Other new arrivals walk to Kutupalong refugee camp, where they spend the night in existing structures and buildings.
Meanwhile UNHCR and its partners continue to work with the Bangladesh authorities on the new Kutupalong extension site. Site planning and development are underway to allow the new refugees to move in as different zones within the site are readied. Tube wells and latrines are being installed to give the new refugees access to clean water and sanitation facilities.
To target assistance and protection interventions, UNHCR is continuing its joint family counting exercise with the Refugee Relief and Repatriation Commission. More than 247,606 refugees have so far been counted and the exercise is now taking place in Kutupalong Extension.
We hope for timely and generous donor support at the pledging conference for Rohingya refugee crisis on 23 October in Geneva. The joint response plan requires US$434 million to meet the life-saving needs of all Rohingya refugees and their host communities – together an estimated 1.2 million people – for the difficult months to come.
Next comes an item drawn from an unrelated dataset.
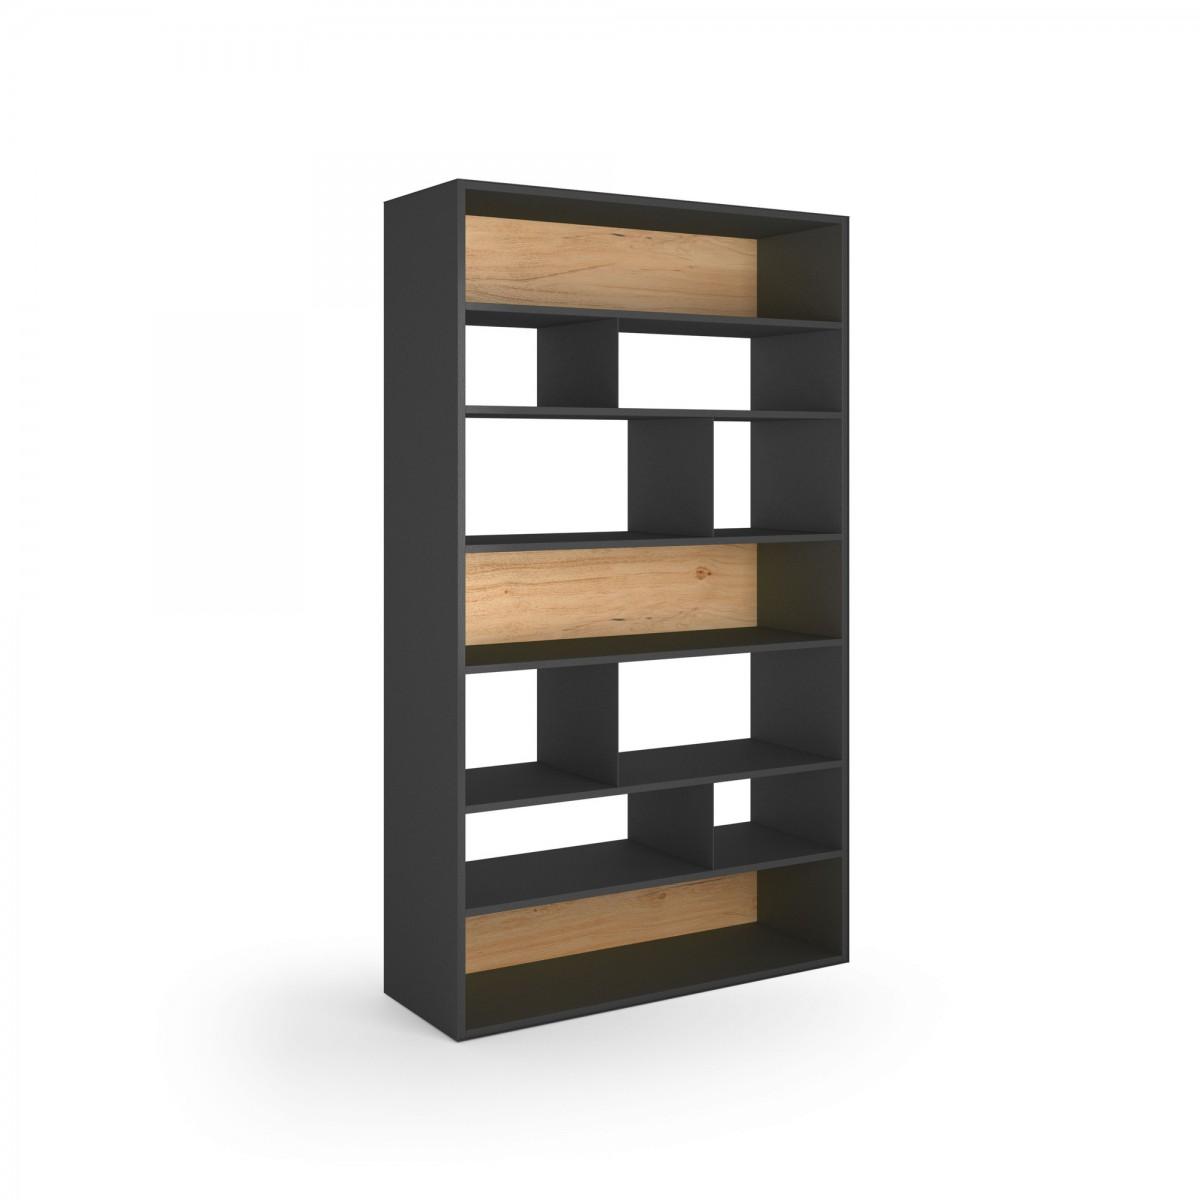 brooklyn_boekenkast_roomdivider_eiken_metaal_mintjes_furniture_miltonhouse_BR2_S2

UNHCR’s portion of that plan amounts to US$83.7 of additional funds until the end of February 2018.
Our emergency assistance focuses on refugee protection, shelter, water and sanitation, establishing new sites, upgrading infrastructure and strengthening the capacity of the local communities across south-east Bangladesh. Since the onset of the current emergency, UNHCR, upon the request of Bangladeshi authorities has expanded its response and operations, presence and staff throughout south-east Bangladesh.
For UNHCR, it is vital even at the early stage, that its response reflects mid- to long-term needs, while at the same time ensuring that the voluntary return of refugees in safety and dignity remains a viable option. In this regard, restoring peace and stability in northern Rakhine state is critical.